Unfortunately, a plan to move forward studying patients with Substance Use Disorder was abandoned due to the COVID-19 health emergency.
During my time working with patients with cancer, I helped coordinate an art exhibit by Lacie Lee Wallace, who was featured on West Virginia Public Broadcasting. I am also grateful to have been awarded the Susan S. Landis Award for Distinguished Service to the Arts by the West Virginia Division of Culture, History and the Arts, for my work writing with patients with cancer.

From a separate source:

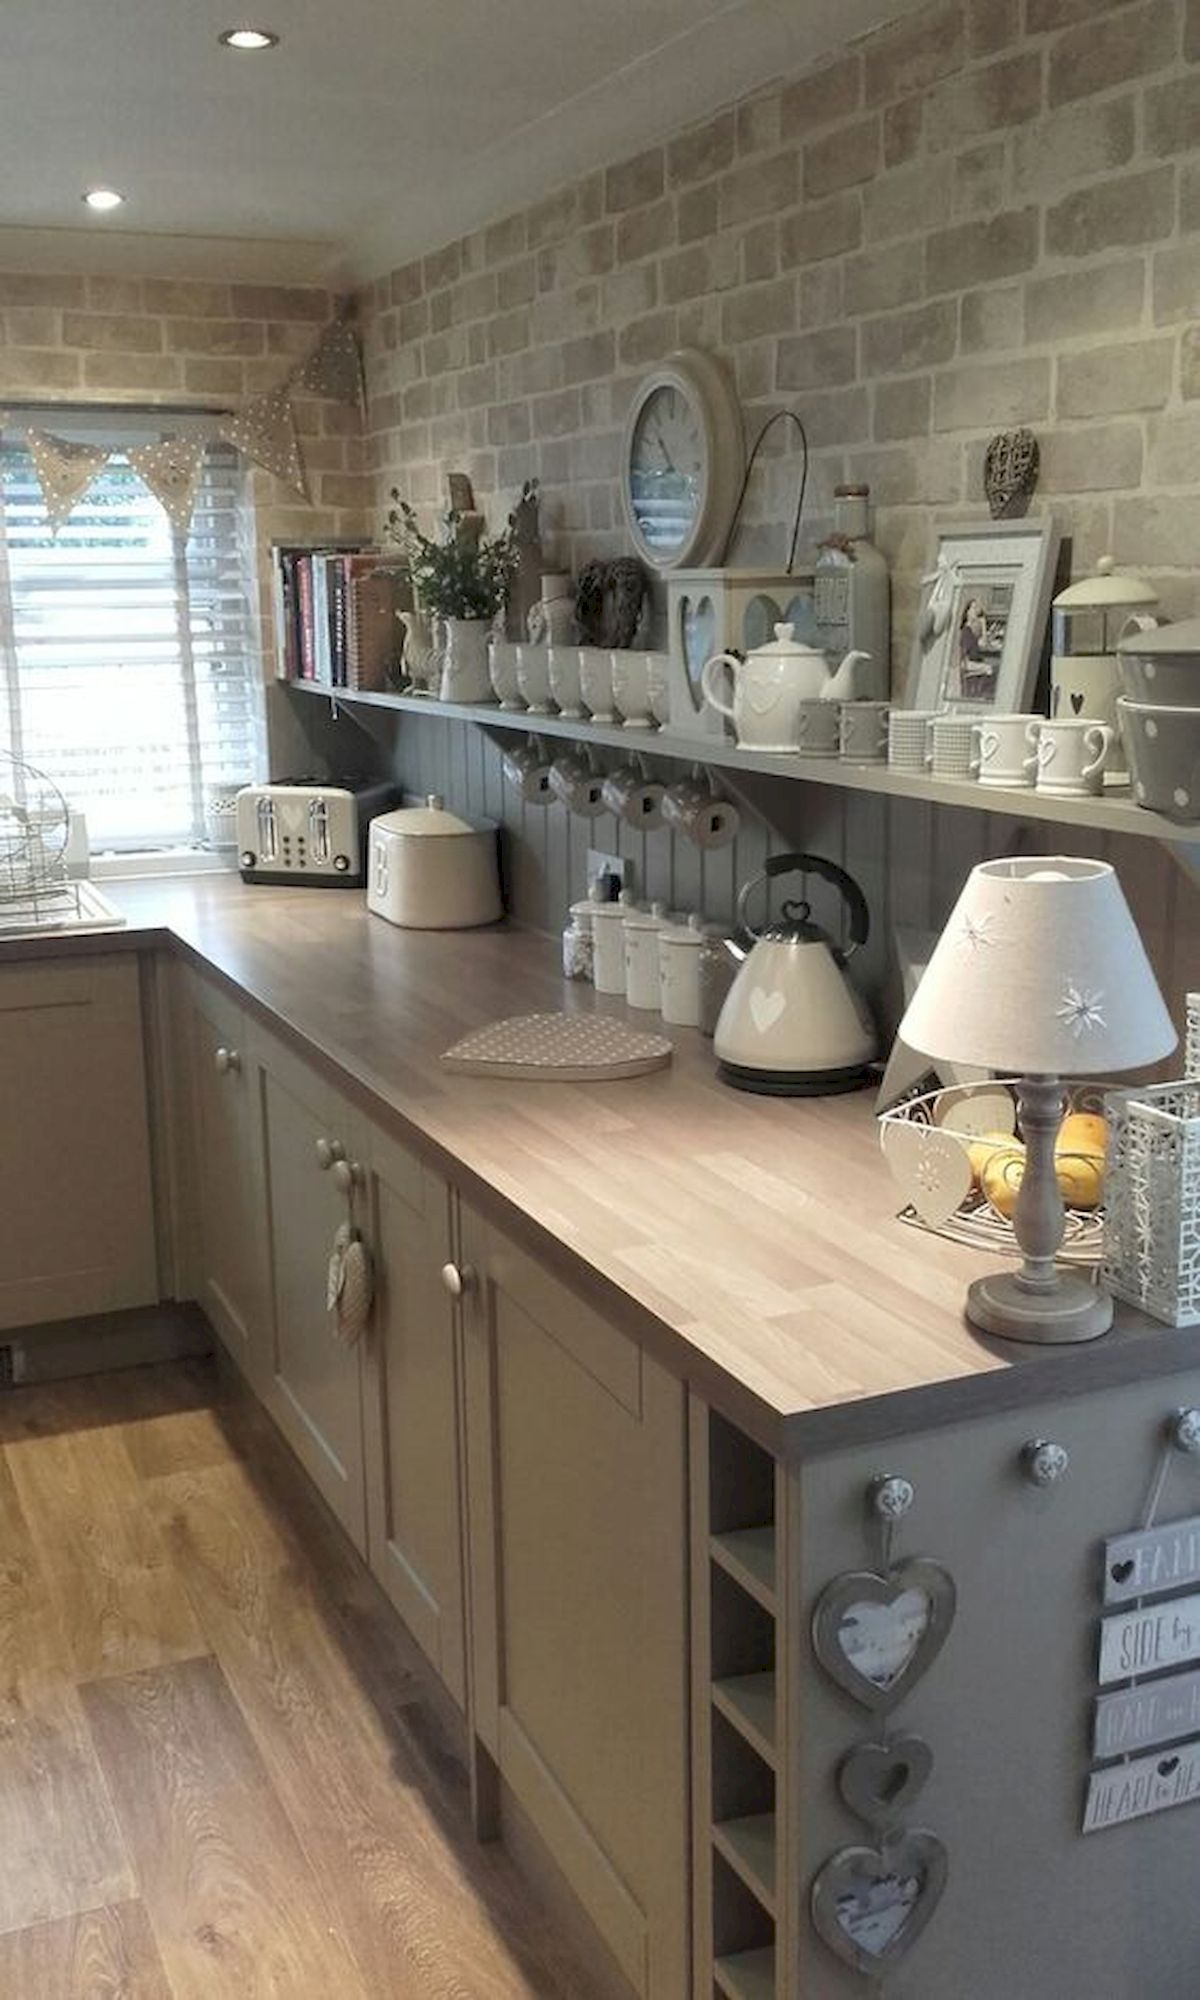 Pin By Sara Romano On Otthon Kitchen Design Countertops Farmhouse Kitchen Countertops Kitchen Remodel Small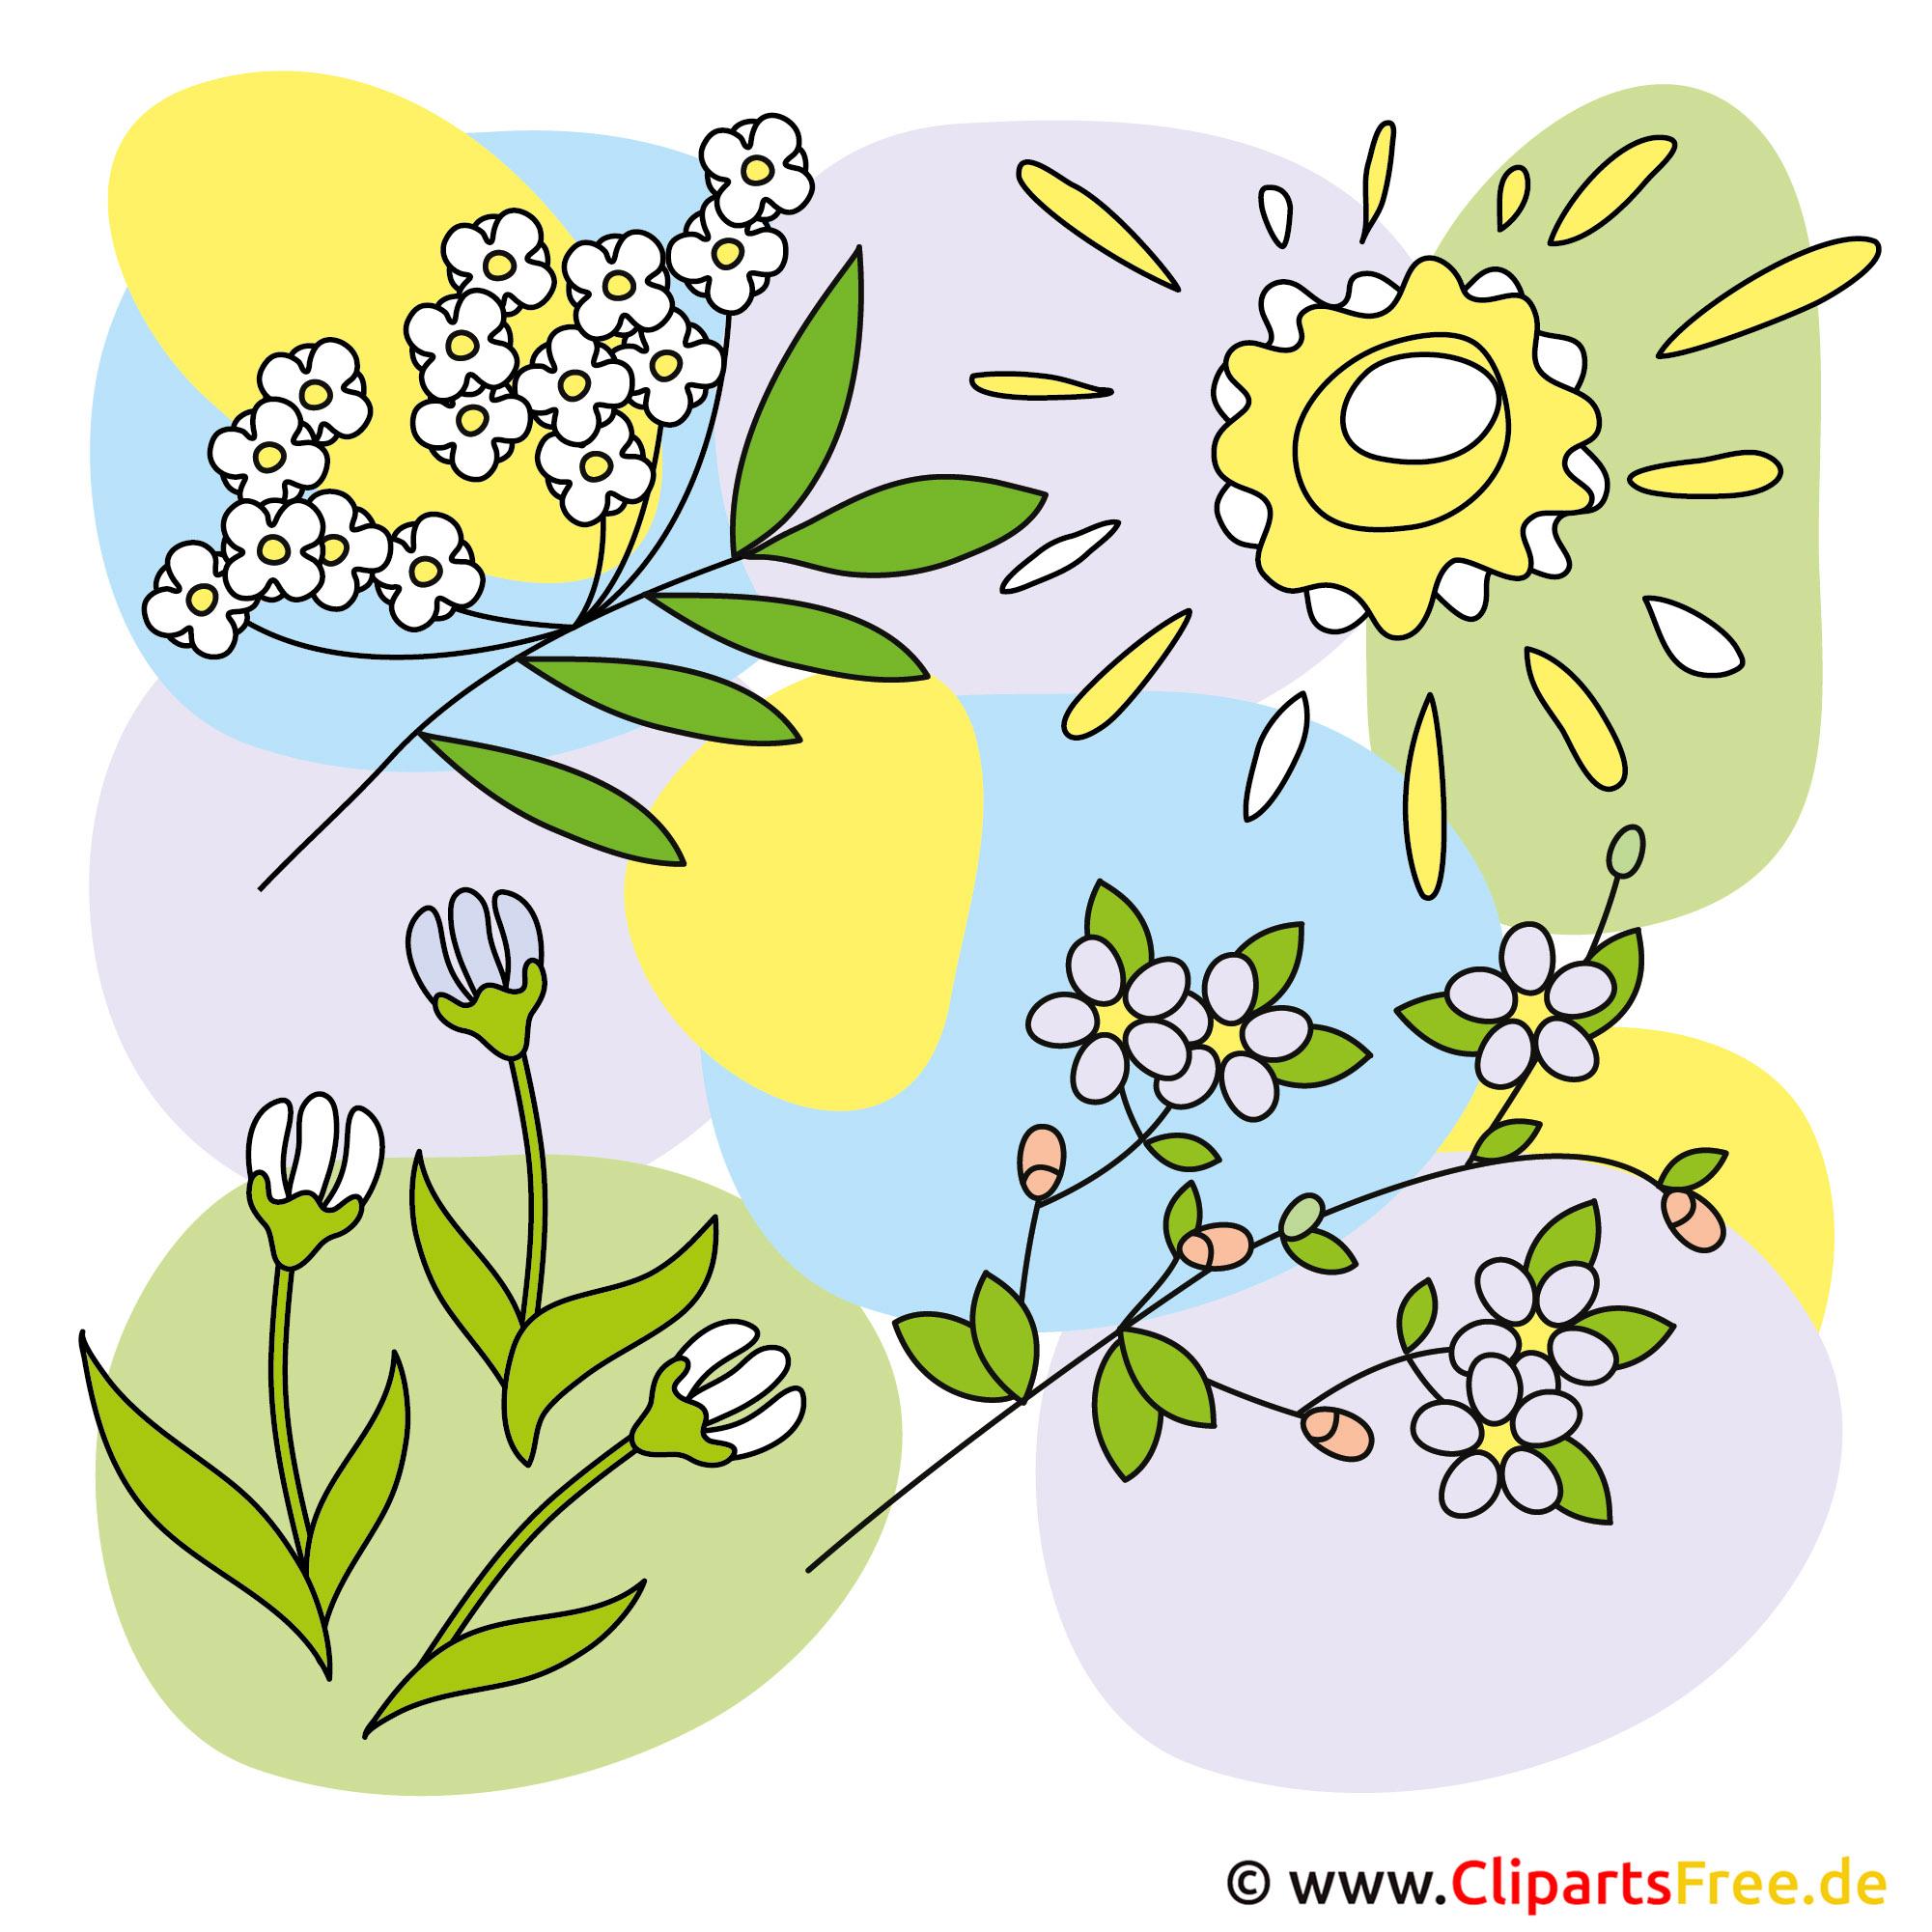 Blumen - Frühling Cliparts kostenlos

As an Honors Faculty Fellow at West Virginia University, I created a health humanities course, Medicine and the Arts, which helped undergraduate students make connections between artistic production and the health sciences, examining the historical, linguistic, cultural and aesthetic contexts in which we engage in and with healthcare. With components of service-learning woven through the course, students engaged with health humanities in both traditional classroom settings and through hands-on projects in healthcare spaces.
A frequent workshop leader in narrative medicine and speaker on health humanities, I am currently a West Virginia Humanities Council Fellow for my work in narrative medicine. I recently was a Keynote Speaker at Missouri Southern State University's Artful Medicine Symposium.
Continuing my work in narrative medicine in West Virginia, I am a creative partner in Healthcare Is Human.
My scholarship in narrative medicine and health humanities includes a co-edited anthology, Bodies of Truth: Personal Narratives of Illness, Disability, and Medicine. You can learn more by reading this interview on the book at Punctuate. As well, and am a contributing writer at Synapsis: A Health Humanities Journal. Later this year, my chapter, "The Interdisciplinarity of Health Humanities" will be included in The Elgar Handbook of Interdisciplinary Studies.